_Exercise input_
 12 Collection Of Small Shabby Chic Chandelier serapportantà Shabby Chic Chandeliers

---

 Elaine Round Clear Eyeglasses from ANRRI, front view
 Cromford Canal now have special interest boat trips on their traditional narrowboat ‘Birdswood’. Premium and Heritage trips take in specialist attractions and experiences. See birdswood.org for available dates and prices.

* * *

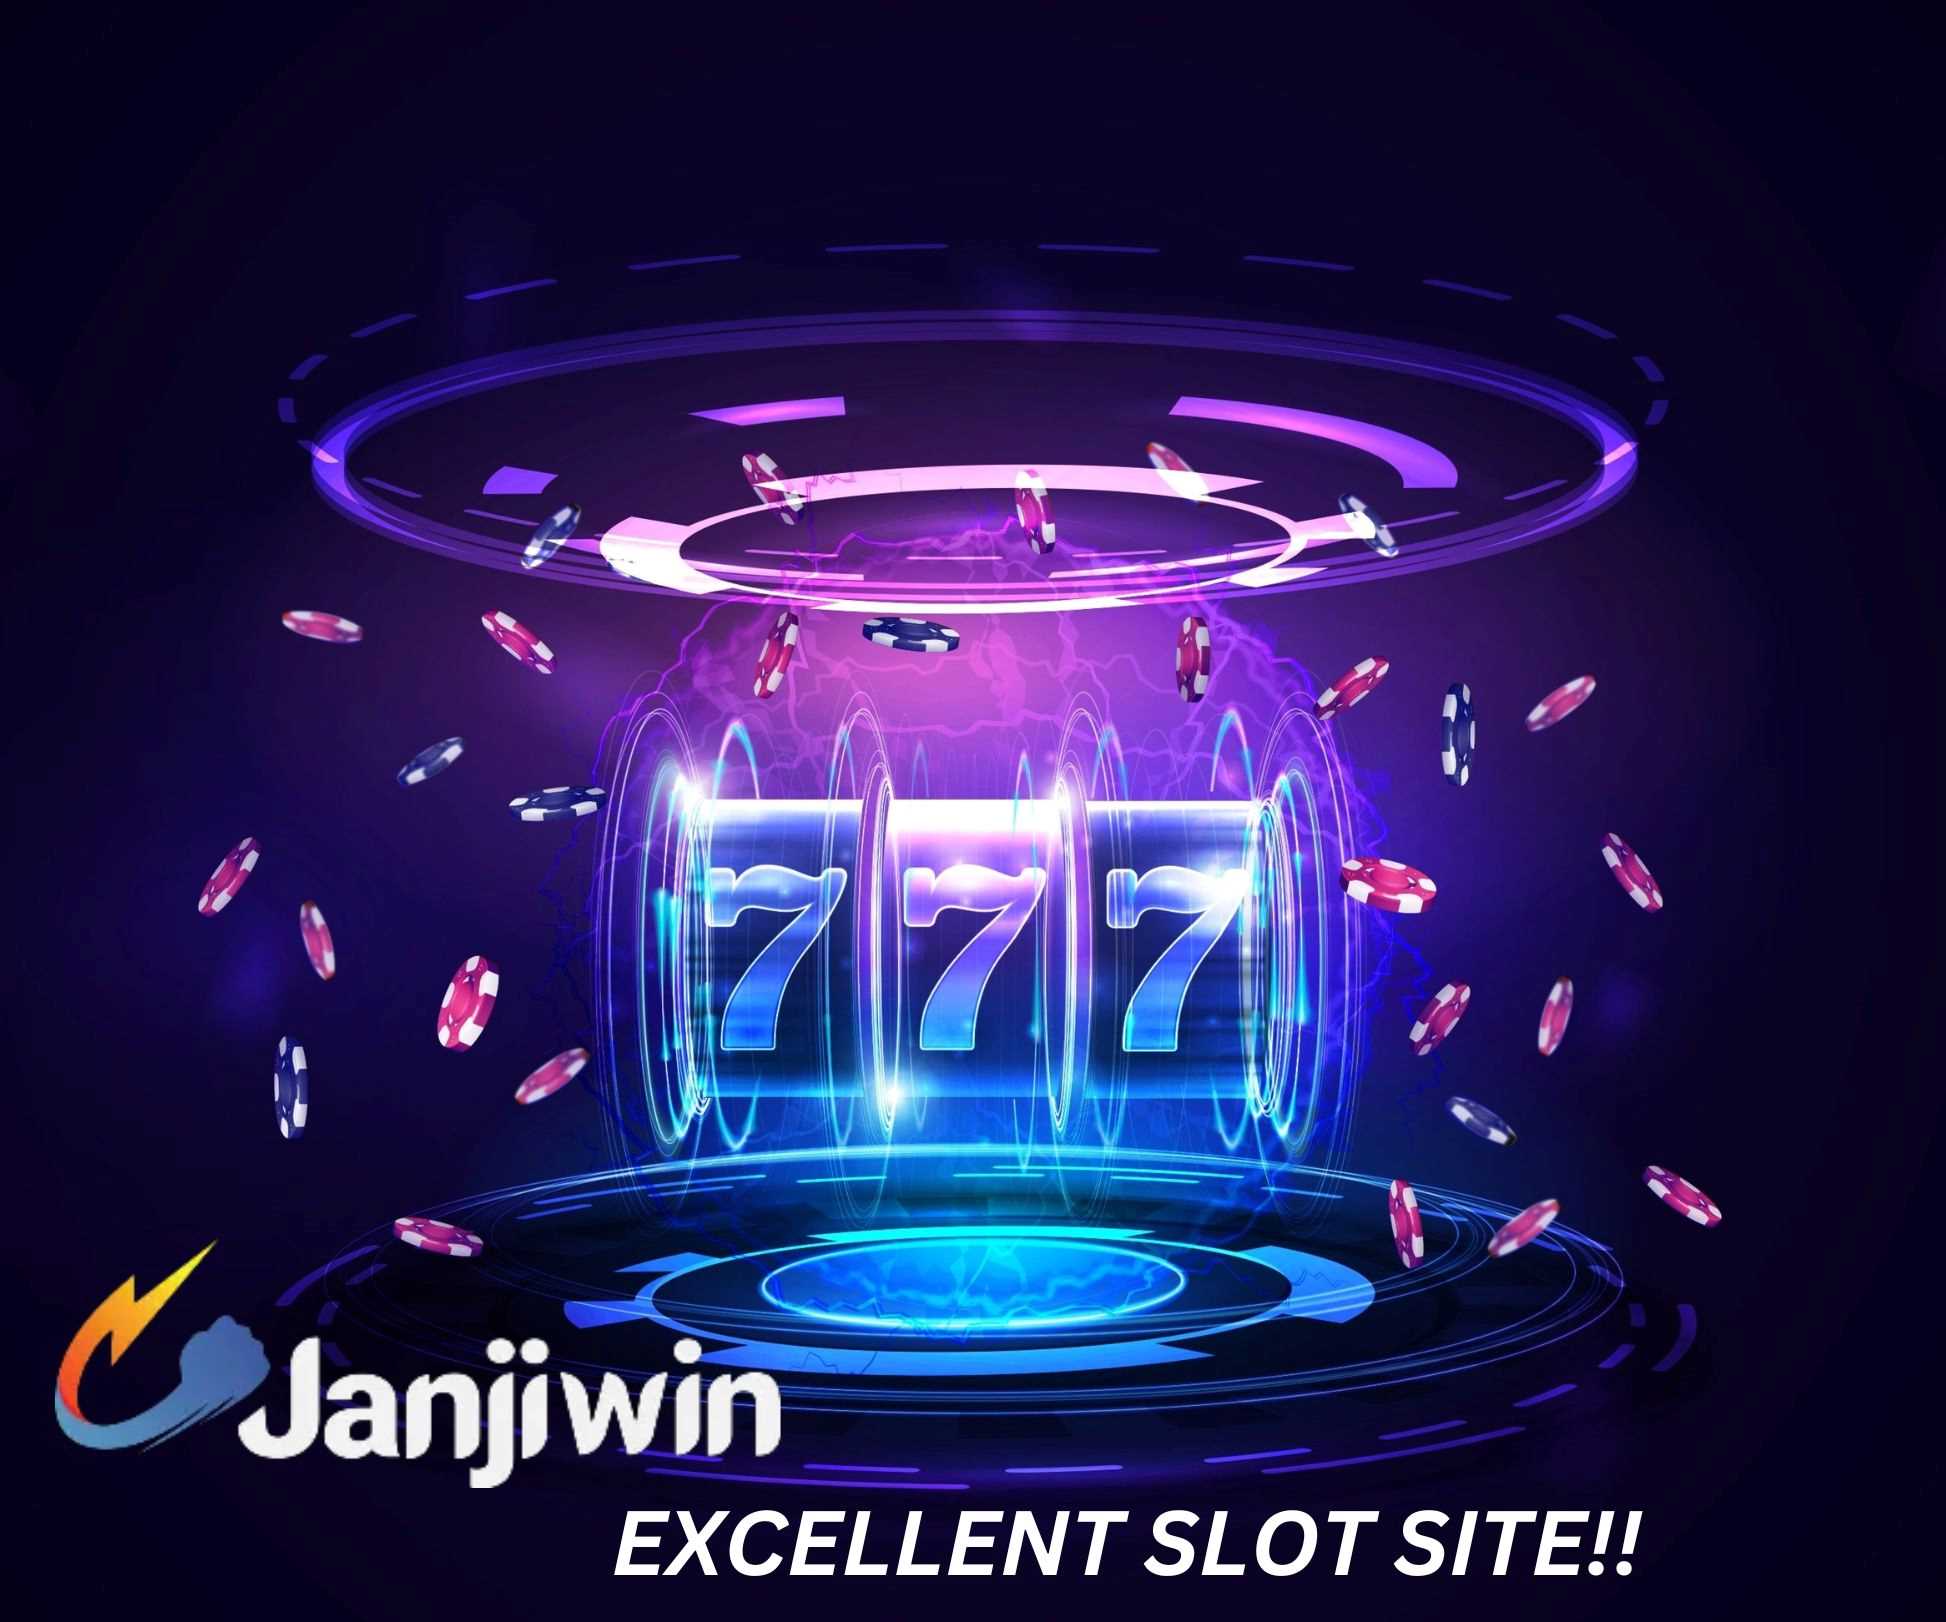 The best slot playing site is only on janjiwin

_Exercise brief_
Could you reproduce, exactly, every line above from the line with "Elaine Round Clear" to the line with "Cromford Canal now", and no other line? Both ends count.

_Response to this task_
 Elaine Round Clear Eyeglasses from ANRRI, front view
 Cromford Canal now have special interest boat trips on their traditional narrowboat ‘Birdswood’. Premium and Heritage trips take in specialist attractions and experiences. See birdswood.org for available dates and prices.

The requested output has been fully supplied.